Pero entonces llega el momento este. Empieza a tocar la Batalla, suenan los clarines y yo, claro, no me puedo contener. Es más fuerte que yo, ¿sabe? Me levanto y saludo con un gesto amplio al pueblo allí concentrado. Me giro para saludarles a todos y entonces le veo. Allí está al final de la nave central donde la puerta grande que sólo se abre en Semana Santa. El hijoputa de Geoffrey. Me sonríe con toda malicia el malvado y me grita: ¿Qué, padre, buscando esposa otra vez, se oye? ¿Y siguiendo sin suerte alguna? A lo mejor le podría echar una mano, ¿qué opina? Y se echa a reír, el muy cabrón. ¡Que le asen bien en el infierno! A mí, desde luego, no me hace nadie estas cosas sin castigo, menos aún Geoffrey. Doy dos pasos rápidos hacia el altar, cojo mi lanza, bueno, en realidad se trataba de uno de estos portavelas gigantes que teníamos en la iglesia, quito de un golpe la vela y la tiro a tierra. Ahora vas a ver, ¡malparido!, le grito y le enseño la punta afilada. Sabe, estos portavelas tienen una punta de acero nada despreciable. Para fijar bien las velas. Me meto la lanza bajo la axila, respiro y debajo del sonido bélico de la Batalla grito: ¡Para Judit! El mono ese me remeda y no para de reírse. Yo, hecho toda una furia ya, cojo la lanza más firmemente y me echo a correr gritando otra vez: ¡Para Judit! A media nave estoy ya a toda velocidad. Esta vez sí le mato, pienso, esta vez no hay remedio para él. Se morirá apuñalado por mi lanza como yo me morí de la suya. Oiría otra vez este sonido ¡Shlurp! y vería como su cara se volvería gris ceniza. ¡Mi triunfo! Ella me vería, se asustaría, pero al mismo tiempo su corazón se encendería del amor eterno que nos iba a unir. Se huiría a mis brazos y los dos saldríamos de la iglesia unidos. Dirección Inglaterra.

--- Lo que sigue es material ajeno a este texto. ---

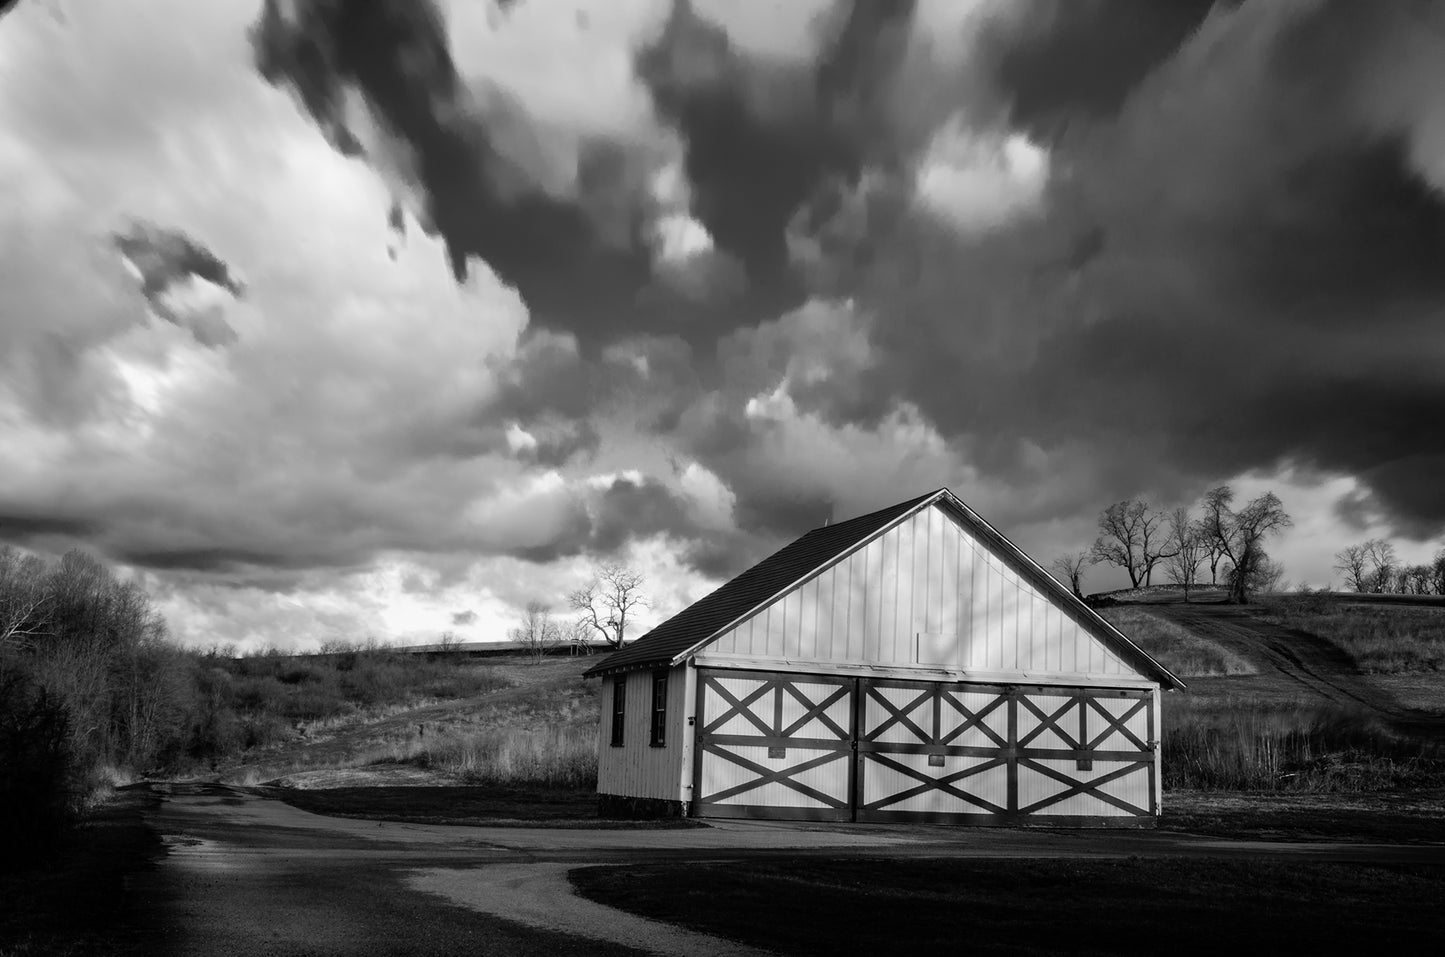 Artwork Prints: Aging Barn in the Morning Sun Black and White - Rural / Country / Farmhouse Style Landscape / Nature Photograph Canvas Wall Art Print - Wall Decor - Artwork

Bueno, ¿qué le digo? No funcionó. No sé qué me pasó, debo haber estado otra vez demasiado excitado. La cosa está en que tropecé con un pliegue de la alfombra que había puesto para adornar la iglesia para el concierto, salí volando mucho antes de haber llegado adonde estaba él y — mire, yo tampoco entiendo como puede haber pasado esto — al volver a la tierra me clavé la punta del portavelas en mi propio corazón.

—¿Y?
—¿Cómo que y? Pues, lo típico: ¡Shlurp!, mucha sangre, la última maldición cuando notas que ya está, que has estirado la pata y encima por ser torpe. Sangras más y más, se te van apagando las luces y de repente notas como cada vez eres más ligero. Dentro de dos momentos estás fuera ya, ves a tu cuerpo muerto digno de compasión si tanta sangre no te diera asco, te echas a llorar un poco y subes.
—Y ¿eso es todo? — Las palabras no querían salir de su boca. ¡Pero sí era fantástico! ¡Realmente no había sido un suicidio! Incluso sería difícil colocar esto debajo de Desgracias Diversas. No, no, éste era un caso para los especialistas de QQAA. Indudablemente. Una gran felicidad se extendió en el doctor devolviendo la vida a sus ojos, a sus brazos, a sus piernas. De repente notó pájaros gorjeando fuera en el jardín y sabía que dentro de cinco minutos ya estaría allí disfrutando plenamente de su existencia. Ya estaba. Ya no más, ya nunca más. Escribió las palabras ’A transferir a Quimeras Quijotescas y Alucinaciones Aberrantes’ en su bloc y lo subrayó primero una vez, luego otra vez, porque sí. Ni El siquiera se lo podría discutir.